Seguindo a tradição, o Brasil “iniciou os trabalhos” e realizou a abertura da 68ª Assembleia Geral da ONU. O discurso incisivo de Dilma citou o programa de espionagem dos Estados Unidos e outros assuntos como, por exemplo, a inclusão de países em desenvolvimento nos assentos permanentes da instituição, a fim de se reduzir o déficit de representatividade e legitimidade vigente.
Independentemente do tom eleitoreiro e despertador de patriotismo do discurso de Dilma, e do momento oportuno para esse caso vir à tona (desviando a atenção da opinião pública brasileira do julgamento do mensalão), uma reação enérgica e retaliativa ao monitoramento de informações pela agência de segurança nacional americana (NSA) se fez imprescindível.
Citando a violação dos direitos humanos, da privacidade e do direito internacional, a afronta à soberania e à liberdade civil, e que sem respeito não há democracia, Dilma criticou a ingerência americana, sem que as principais autoridades da delegação dos EUA estivessem presentes no auditório da sede da ONU, em Nova York.
Coincidentemente ou não, os secretários e embaixadores de Obama só chegaram ao final do discurso, e um pouco antes do discurso de Obama. Tal falta de etiqueta foi acrescentada à pouca relevância dada ao assunto por parte dos EUA. Como explicado pela especialista Sabrina Medeiros, “as agendas dos dois países são conflitantes e a pauta americana priorizou as questões nucleares”.
O recado foi dado: o argumento de que a “interceptação ilegal de informações destina-se a proteger as nações contra o terrorismo” não se sustenta. Somos um país democrático e que há 160 anos resolvemos nossas diferenças pacificamente.
Espionar assuntos estratégicos da presidência brasileira e da Petrobras traduz-se como uma tentativa de obtenção de vantagens comerciais oriundas do país que tem a liberdade de expressão, do ir e vir e a democracia; não só em sua exaustiva retórica oficial, mas em toda a sua postura e cultura popular.

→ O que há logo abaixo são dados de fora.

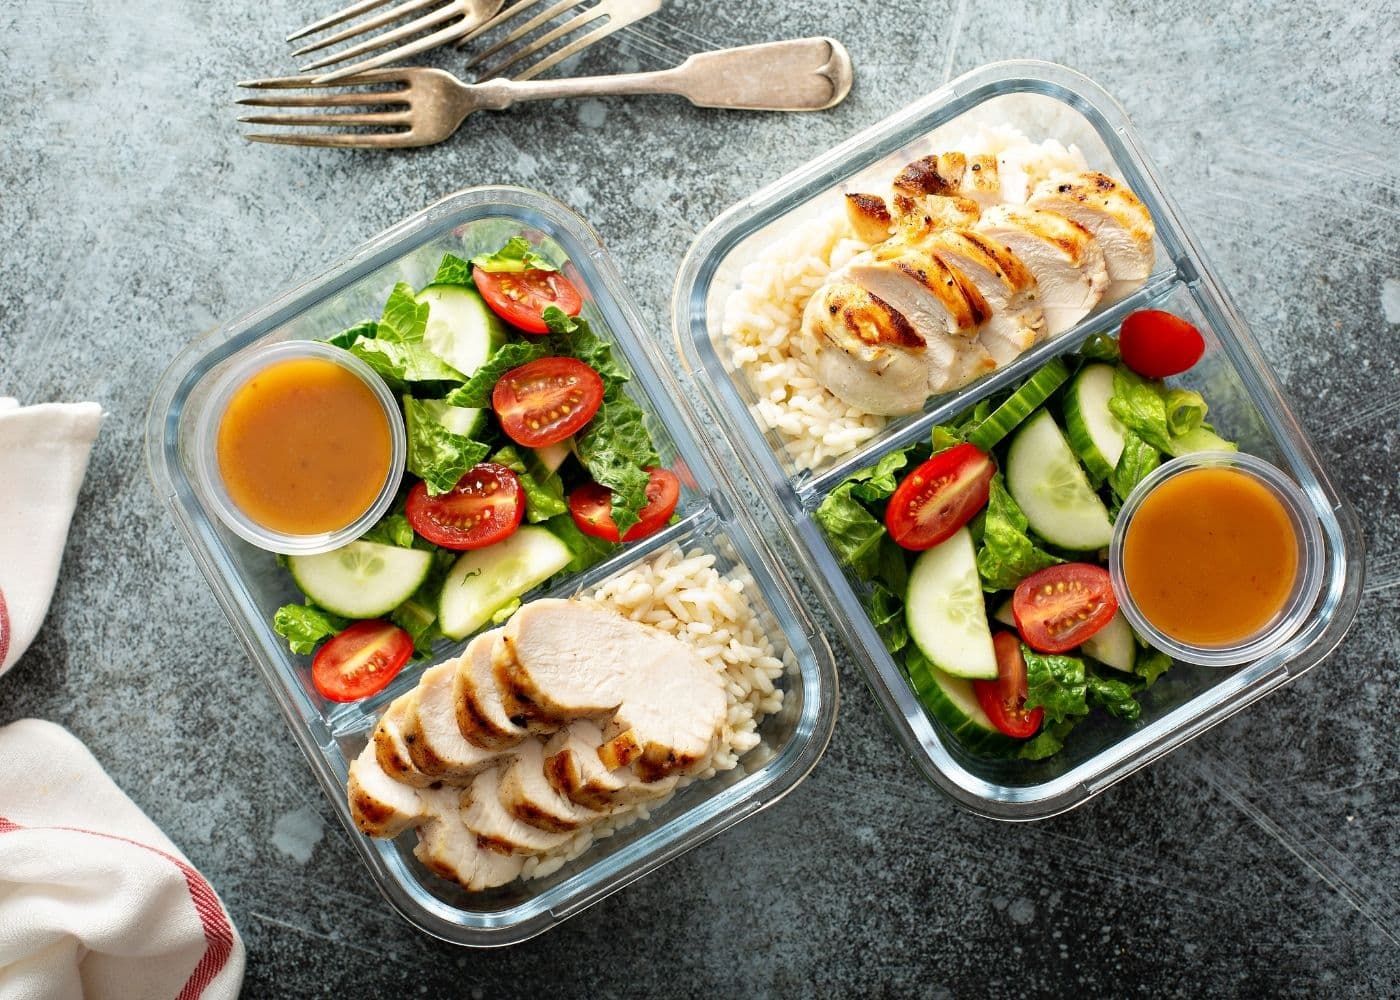 Meal Prep Ideas - The Clean Eating Couple
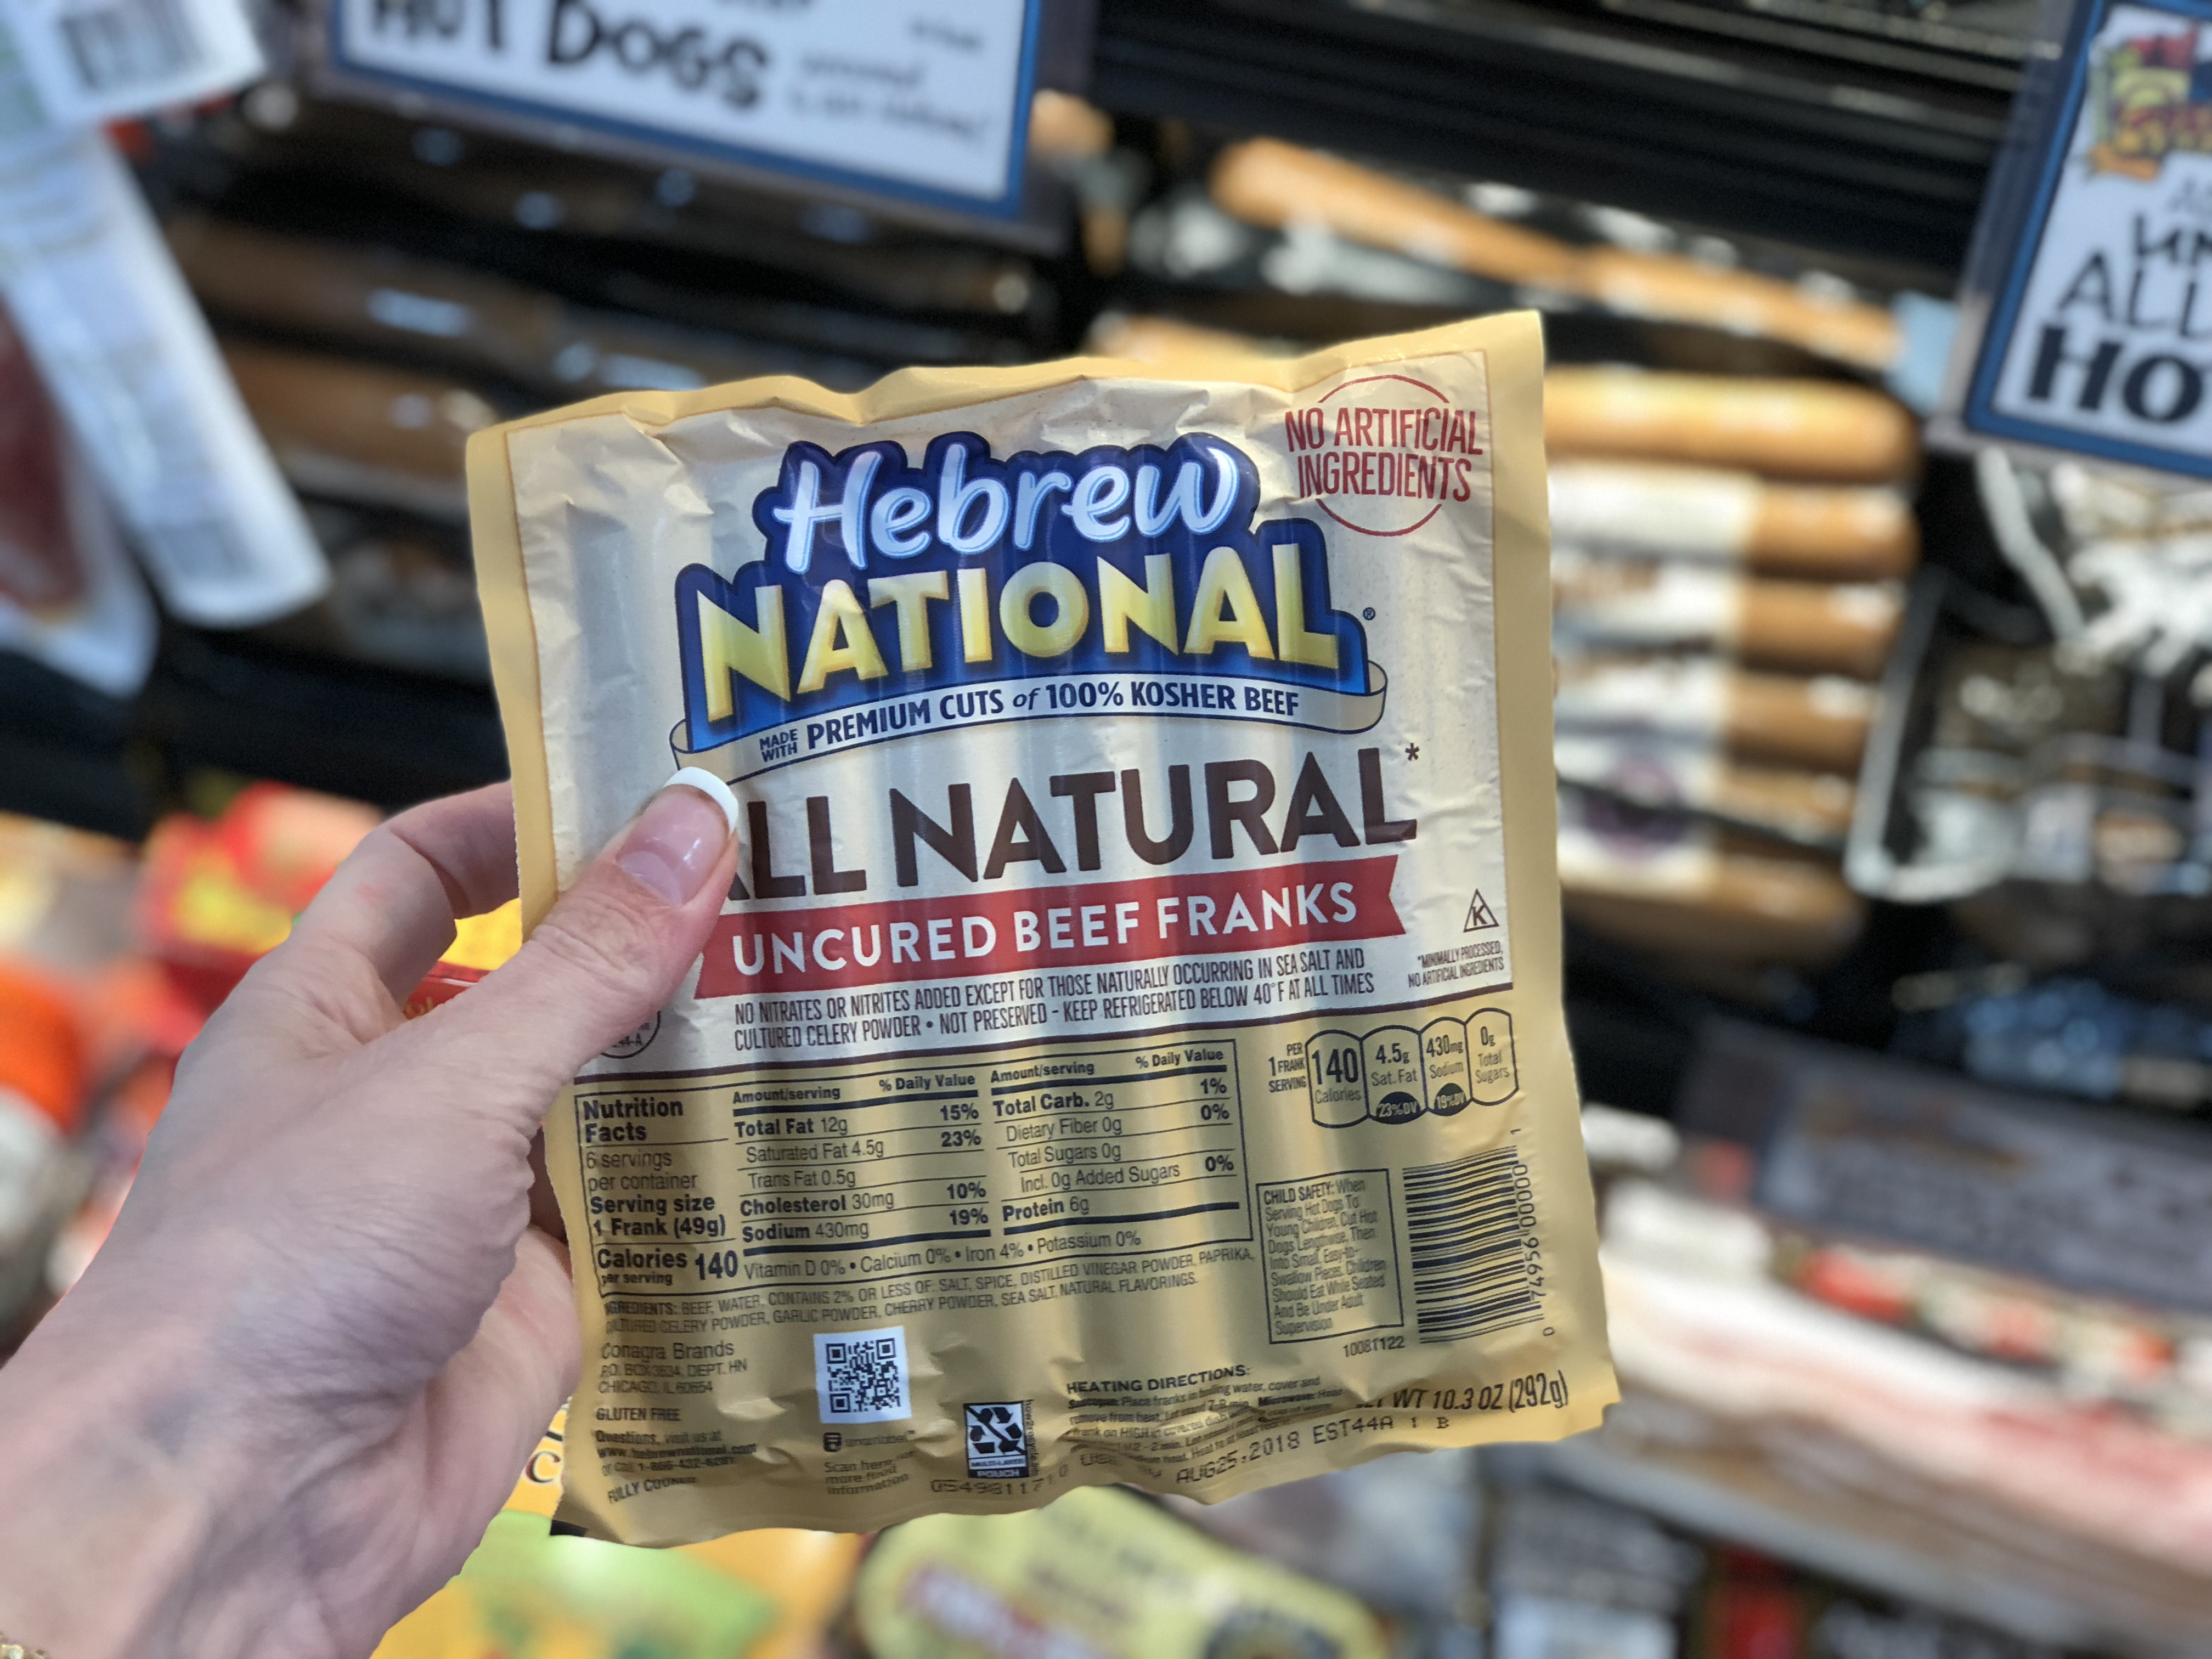 keto and low-carb hot dogs, sausages, and brats – Trader joes hebrew national franks
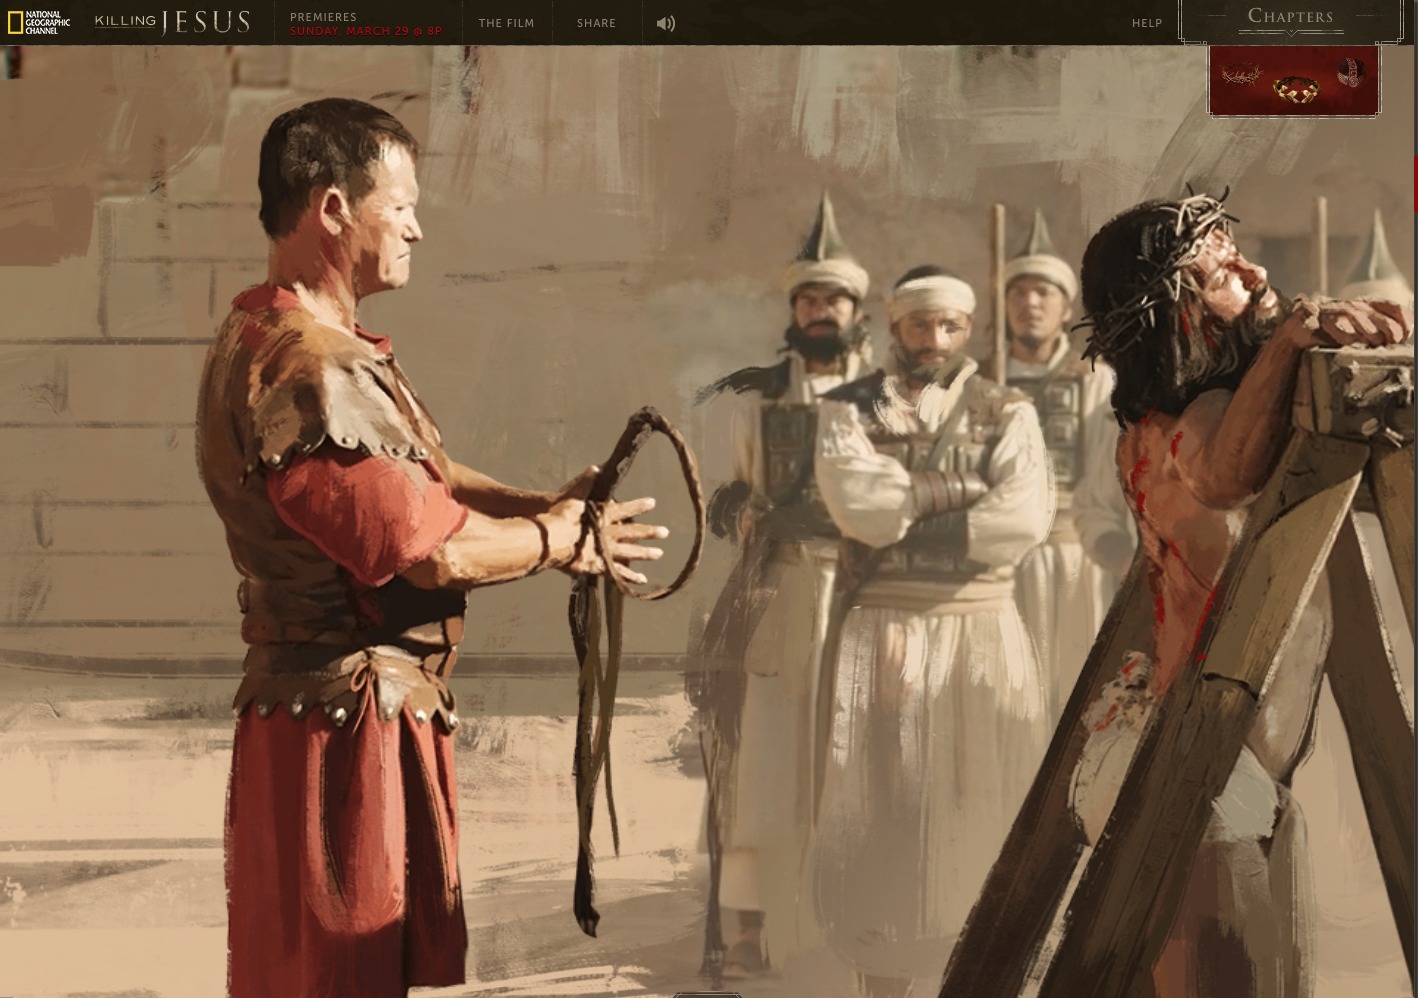 Art work from Nat Geo interactive website for 'Killing Jesus' - Malchus watched Jesus get whipped.

A imensa lacuna entre as ações e o discurso é motivo de indignação e intolerância em toda a comunidade internacional. No discurso, pregam-se o neoliberalismo econômico e os direitos humanos; na prática, ações comerciais protecionistas nas fracassadas rodadas iniciadas em Doha, nos painéis da OMC, e violação do direito de privacidade de empresas privadas e cidadãos civis.
Como foi frisado por Dilma, essa questão da espionagem transcende a relação bilateral dos dois países e é uma questão relevante ao Conselho de Segurança da ONU, para que não haja deterioração de relações diplomáticas multilaterais futuras. Cabe a nós a aprovação de leis e mecanismos de proteção e a manutenção de uma bem-sucedida relação com a maior economia mundial.
Em visita ao Brasil em 2011, Obama ressaltou explicitamente a intenção de intensificar o relacionamento comercial com o Brasil, principalmente após a descoberta do pré-sal.
A histórica relação de amizade com nosso principal parceiro comercial não pode ser fundamentada com tamanha diferença entre a retórica e prática, e sim com colaboração mútua e cooperação entre as duas nações amigas.